Как же я люблю свой дом! Он похож на сказочный теремок. Окна украшены деревянной вязью, крыльцо на двух столбах, и маленькая башенка-светелка, где у меня мастерская. Я художником не стала, но и живопись до конца не забросила. Иногда находил на меня стих, и я брала кисть в руки и рисовала, рисовала…

Сегодня дом встретил меня настороженно, суетливо. Около дома враскорячку стояла большая черная машина. Я была уверена, что это самец, и что моя машинка втайне была в него влюблена, поэтому она бодро взревела и бросилась к дому.

Я выскочила из машины. Странно. Джип есть, а Паши нет. Дом хоть и встревожен, но пуст. Наверное, прогуляться ушел. Что же у него случилось?

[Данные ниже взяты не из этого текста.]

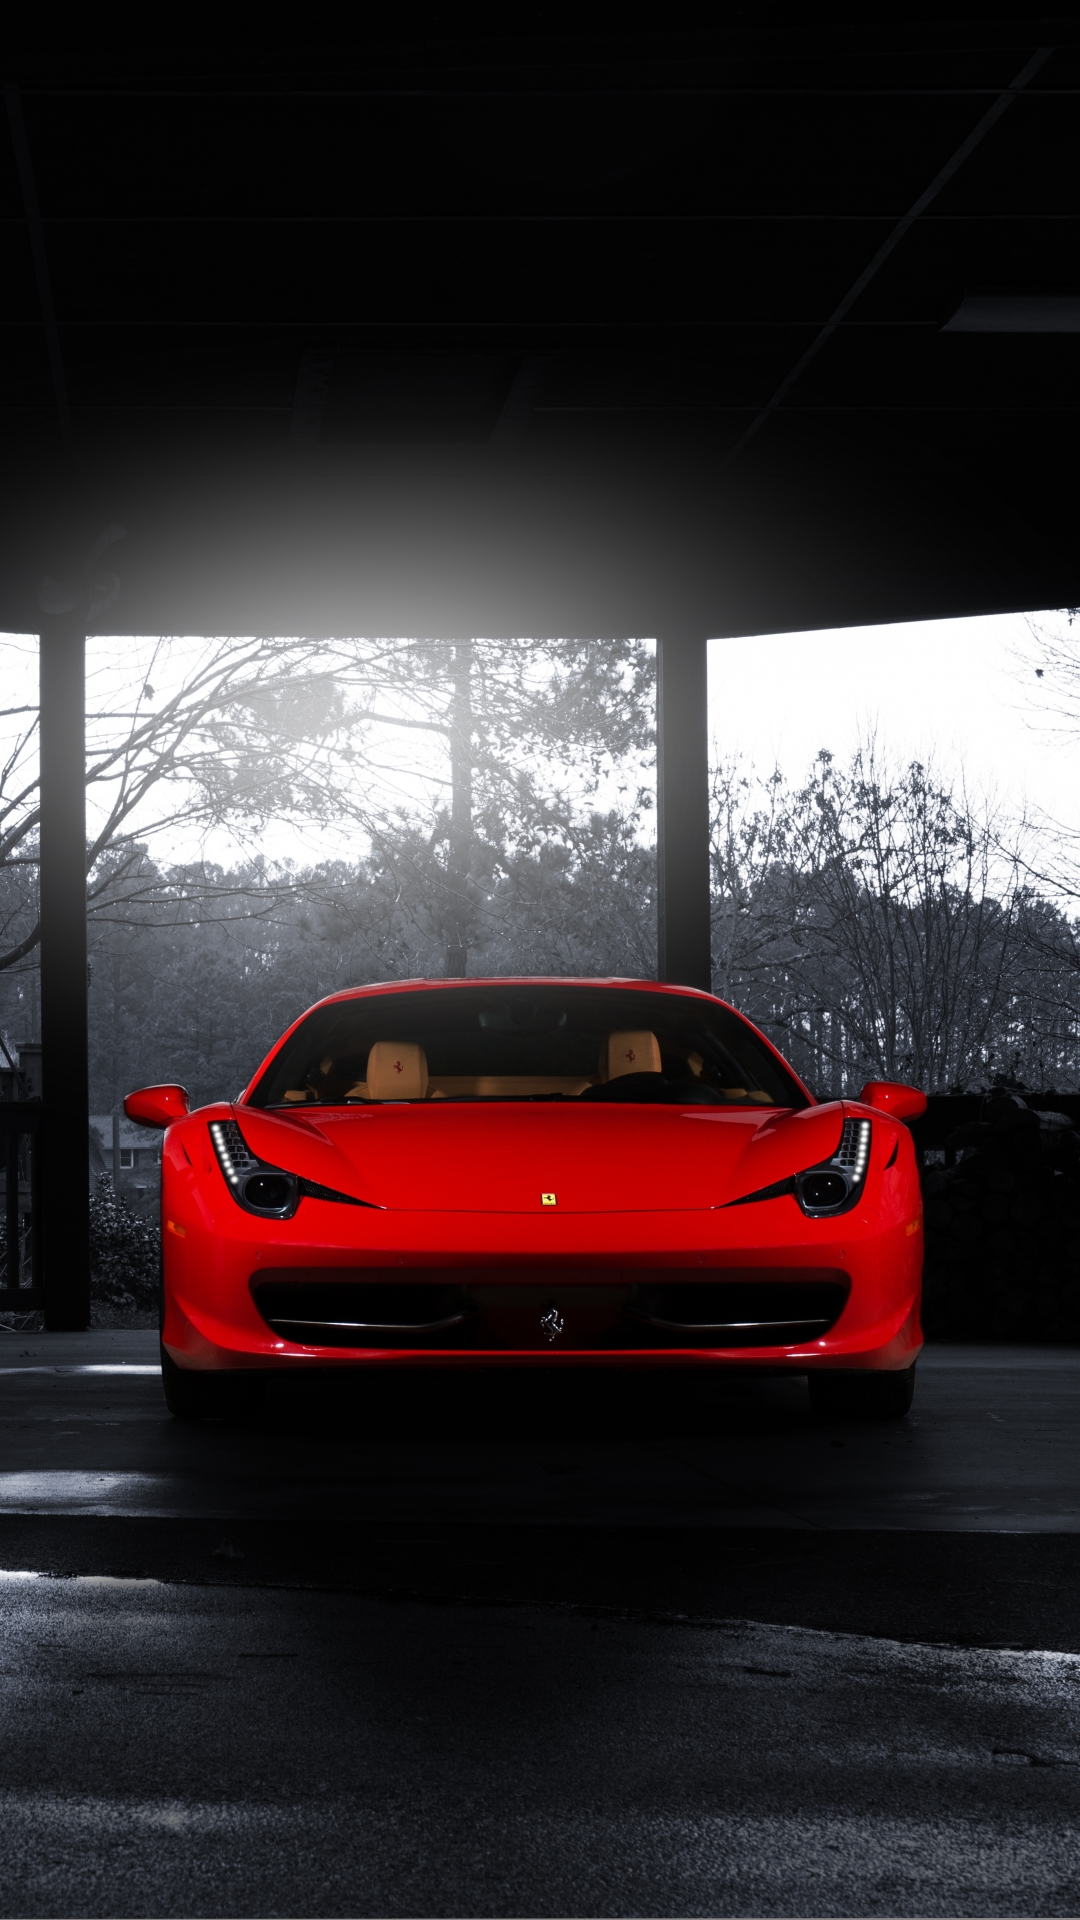 Ferrari iPhone Wallpapers | PixelsTalk.Net
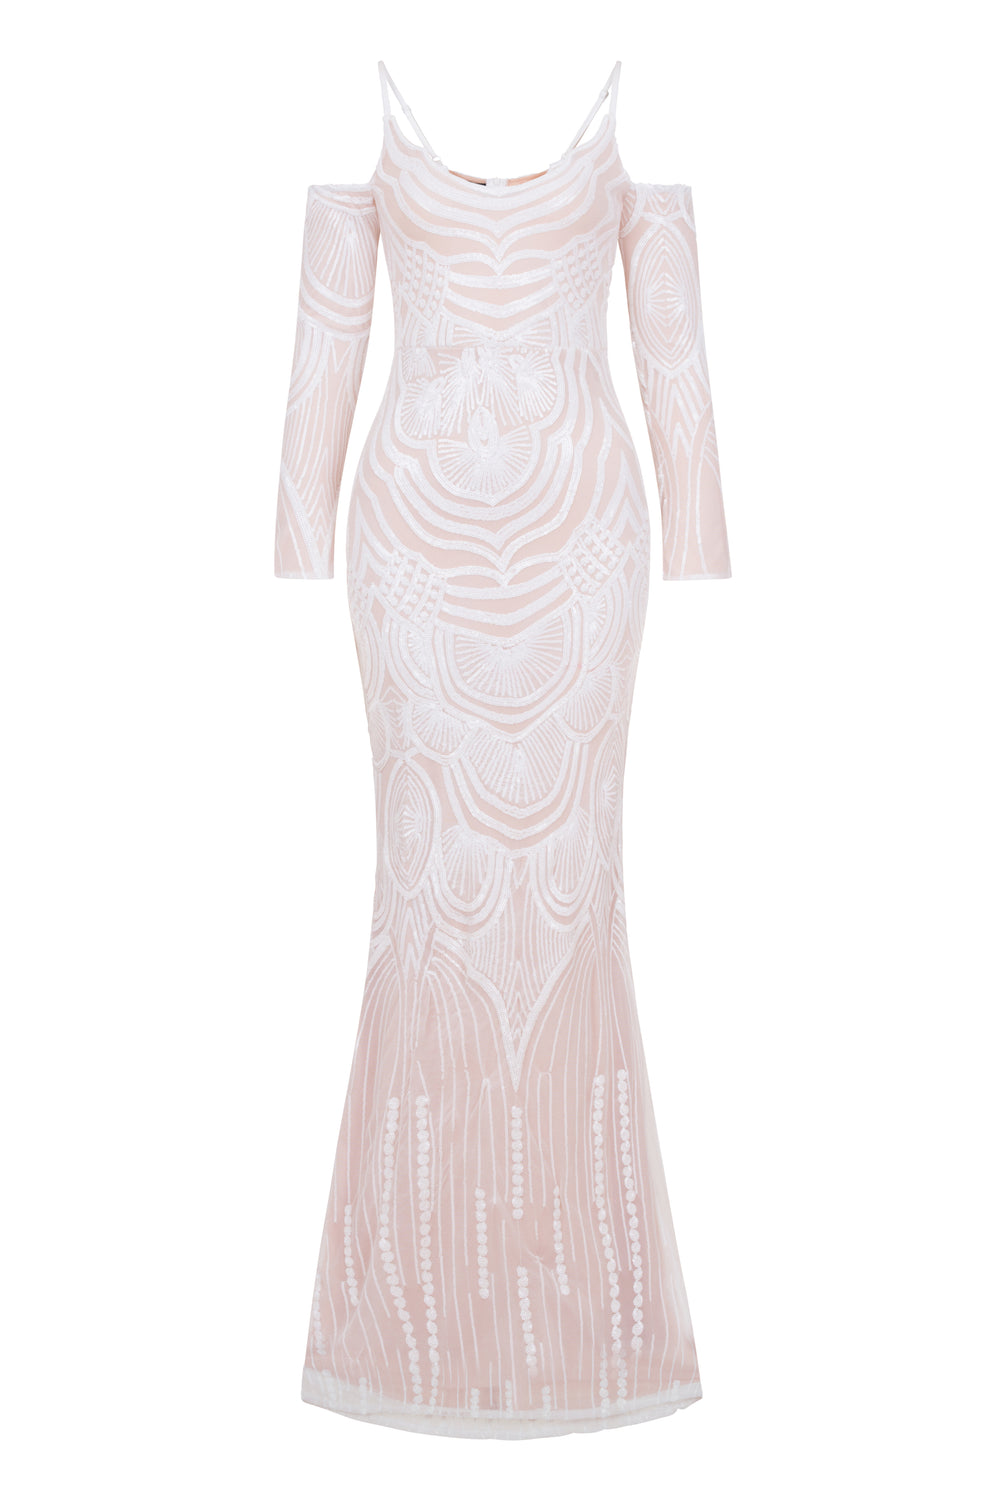 Vienna White Luxe Tribal Vip Illusion Sequin Mermaid Maxi Dress

Я прошла в дом и первым делом отправила Ваню в ванную. Будут еще на моих раритетных венских стульях всякие бомжи сидеть! Ну ладно, не антиквариат. С помойки стулья, но я их отреставрировала. Так что извините, они только для чистых задниц.

И бритву ему вручила. Да, у меня в доме есть мужская бритва. Ко мне приезжают Паша и Антон. Хотя у них свое с собой. А кому какое дело до моей нравственности?! Я взрослая женщина! Даже слишком взрослая для последнего романа, хм…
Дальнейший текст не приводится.